[02/10/2008] Comunicati

Anche la Siria paga il conto del global warming

LIVORNO. La Siria governata dalla dinastia dittatoriale degli Assad fino ad ora era salita alla ribalta delle cronache per il suo ruolo di grande fratello del Libano e per lo scontro che la oppone ad Israele da decine di anni, ma anche in questo Paese arabo il global warming ha cominciato a farsi largo sulle montagne, nelle oasi e nei deserti. L´Onu ha lanciato un appello per un contributo di 20 milioni di euro per aiutare durante i prossimi 6 mesi circa un milione di siriani (più del 5% della popolazione) duramente colpiti dalla siccità.

L´ufficio di coordinamento degli affari umanitari dell´Onu spiega che «La Siria soffre della peggiore siccità degli ultimi 40 anni. Secondo il governo siriano, almeno un milione di persone, soprattutto pastori e piccoli agricoltori, rischiano di perdere i loro mezzi di sussistenza e di soffrire di malnutrizione», una cosa che la dittatura Baathista era riuscita fino ad ora ad evitare mantenendo un saldo controllo sull´economia statalista siriana.

Circa 59.000 piccoli proprietari di greggi hanno già perso tutti i loro animali ed altri 47.000 hanno perso tra il 50 e il 60% del bestiame. Il governo di Damasco ha accordato prestiti sotto forma di foraggio e donato vaccini e medicine veterinarie. Ma il governo siriano deve anche urgentemente assistere 29.000 famiglie e le risorse non bastano. Numerosi siriani stanno tirando la cinghia, vendono i loro beni ed iniziano ad emigrare, un fenomeno inedito per un Paese dove la dittatura ha comunque garantito ai più almeno una dignitosa povertà.

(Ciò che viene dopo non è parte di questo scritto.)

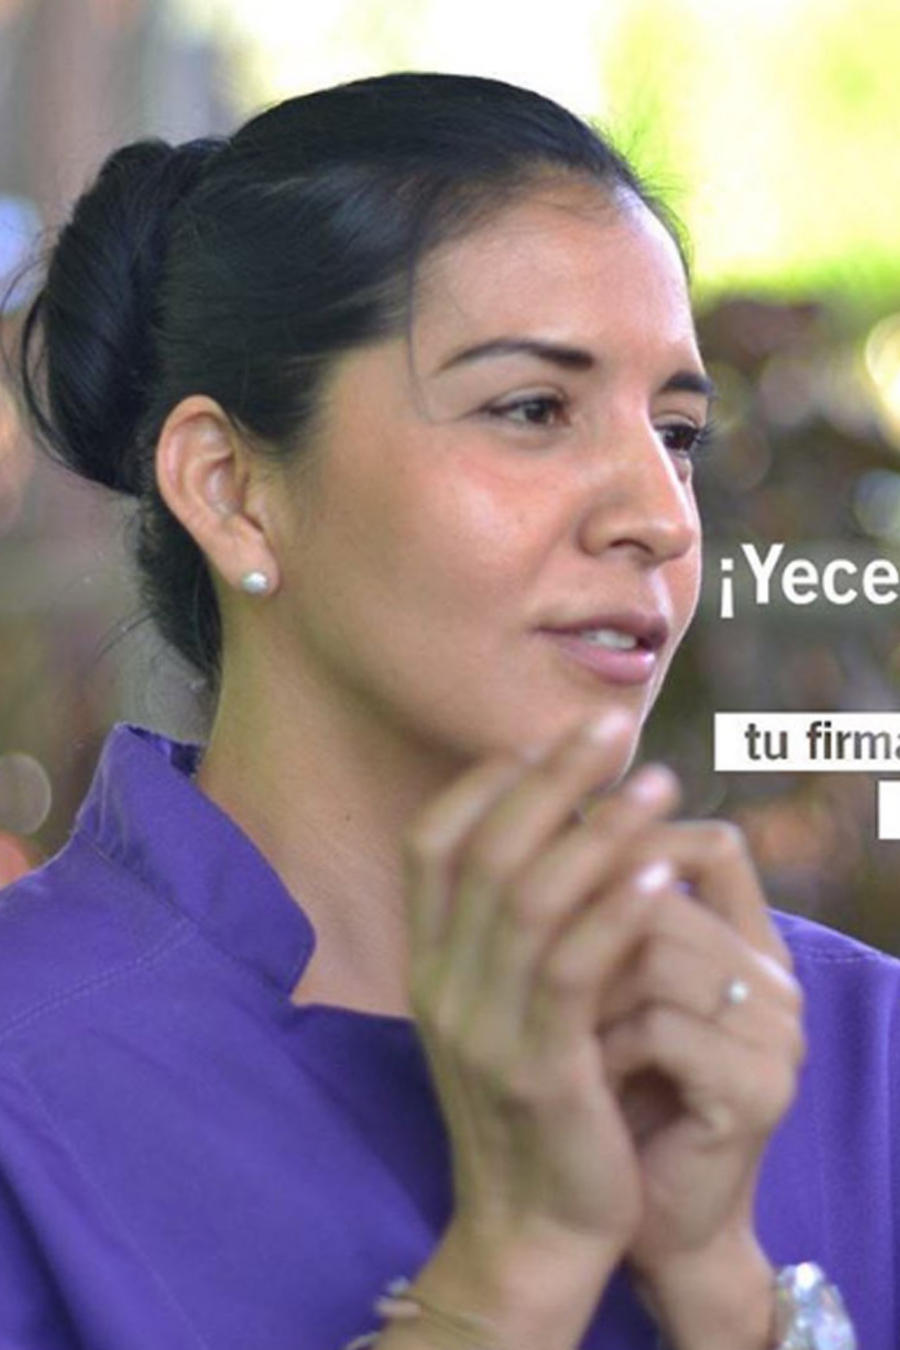 yecenia armenta
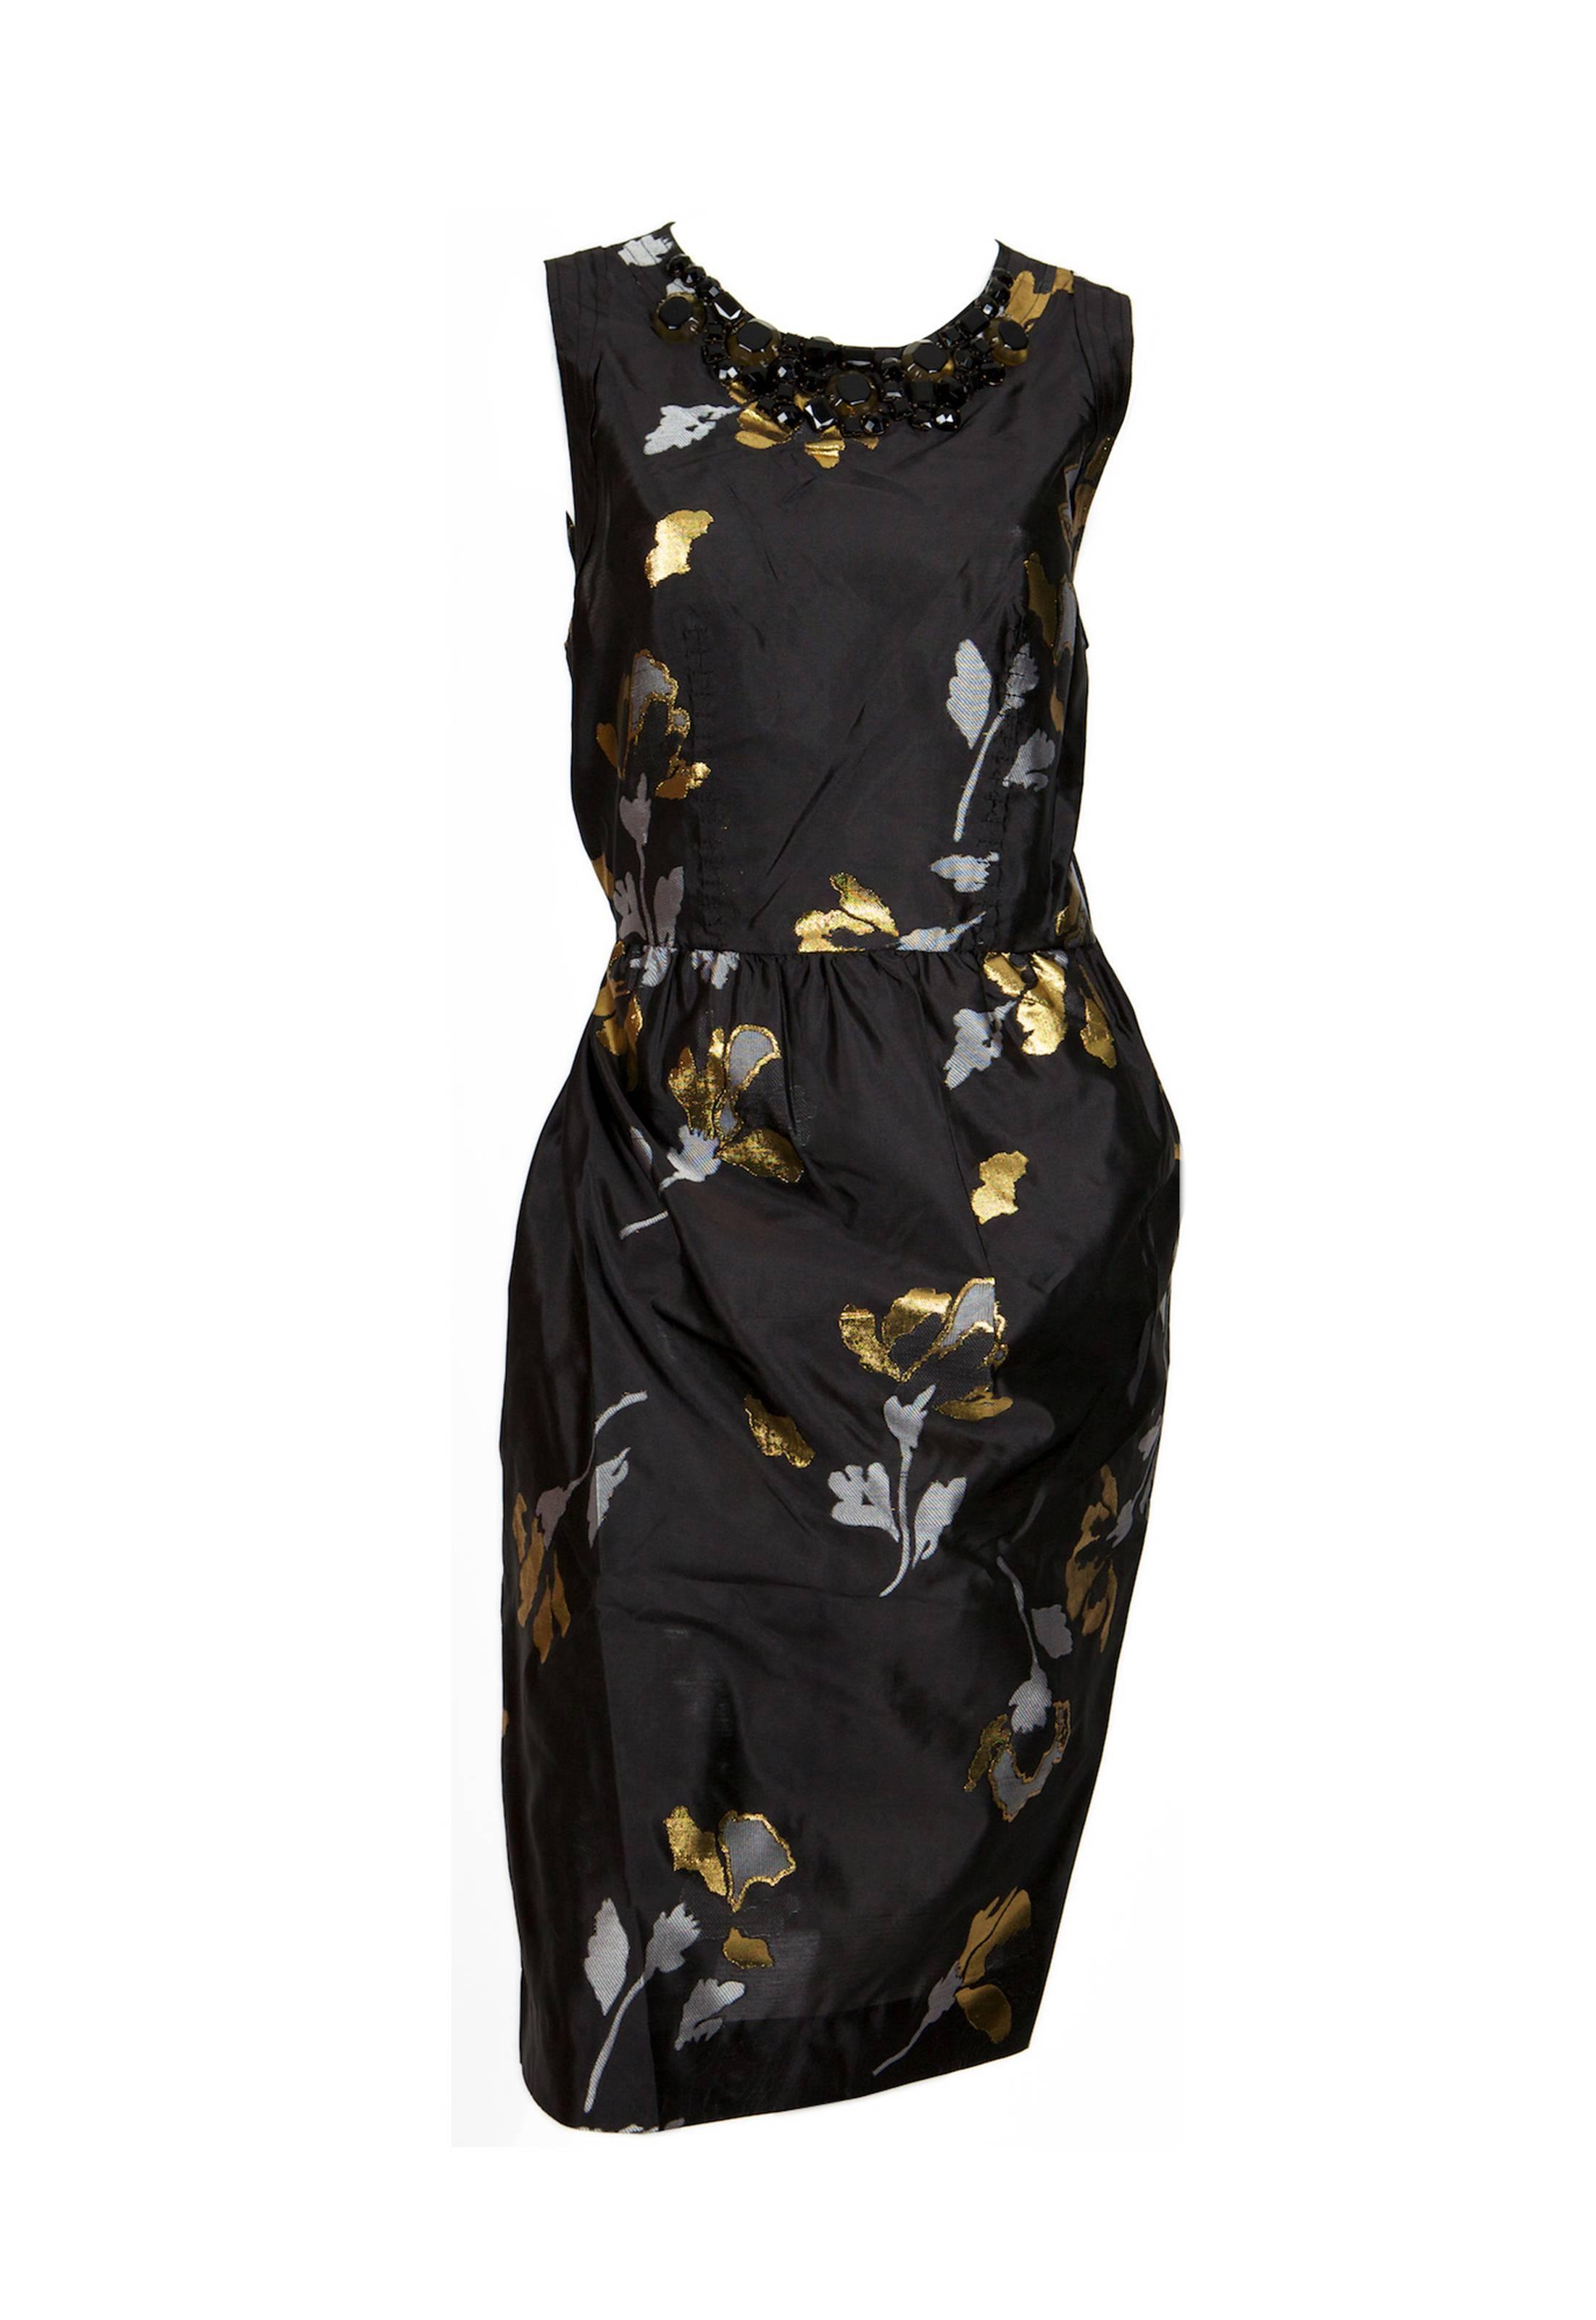 Marni_Special_Dress Created for Dubai Boutique

Sono in aumento anemia, malnutrizione e diarrea, che colpiscono soprattutto i bambini con meno di cinque anni o le donne anziane, esattamente come in alcuni Pesi dell´Africa sub-sahariana o nella Striscia di Gaza assediata da Israele.

L´Onu è pessimista e non si attende miglioramenti prima dell´arrivo della primavera del 2009, almeno se le piogge non si faranno vedere per il secondo anno consecutivo. Occorrono 14 milioni di dollari per aiutare gli agricoltori e i pastori a sopravvivere e 5 milioni per inviare subito cibo, il Fondo centrale per gli interventi d´urgenza dell´Onu ha già accordato 1,97 milioni di dollari per tre progetti. Il problema è che le crisi umanitarie non cessano di presentarsi o non finiscono, magari si dimenticano.

E´ il caso del Myanmar, finito sugli schermi televisivi dopo il ciclone Nargis e per la brutalità e l´inefficienza della dittatura militare nella gestione degli aiuti. Passata l´emozione, mancano all´appello circa il 50% degli aiuti solennemente promessi: nei villaggi devastati e nei campi portati via dalle acque sono arrivati 240 milioni di dollari sui 482 necessari. La situazione nel Corno d´Africa sta letteralmente precipitando, 16 milioni di persone sono alla fame in Somalia, Etiopia, Gibuti ed Eritrea.

La situazione si è particolarmente aggravata in Etiopia, impegnata in due conflitti in Somalia ed Eritrea, dove ormai la fame si è estesa a 6 milioni di persone a causa di cambiamenti climatici, aumento del prezzo del cibo e del carburante. I piccoli pastori etiopi, assediati dalla siccità, stanno svendendo il loro bestiame per acquistare prodotti alimentari.

Secondo quanto ha detto al Washington Times John Holmes, coordinatore Onu per gli affari umanitari, «questo potrebbe essere un assaggio di quel che potrebbe succedere in gran parte del mondo se non si affrontano in maniera efficace le enormi sfide della crescita dei prezzi dei prodotti alimentari e del carburante, i cambiamenti climatici, lo stress ambientale e le pressioni antropiche. Gran parte del mondo in via di sviluppo potrebbe essere spinto ai margini della sopravvivenza. Una nuova rivoluzione verde è urgentemente necessaria in Africa per ridurre la sofferenza di persone più vulnerabili. Il tempo per farla è adesso, prima che gli effetti dell´aumento della popolazione, sommati alle perturbazioni meteorologiche, agli shock dei prezzi e l´impoverimento delle risorse di combustibili fossili causino ulteriori sofferenze per la massa delle persone più povere del mondo. Al di là di aiuti alimentari per l´oggi, abbiamo soprattutto bisogno di aiutare le persone a nutrirsi di domani. L´accento deve essere maggiormente posto sulla riduzione degli impatti climatici che causano la crisi».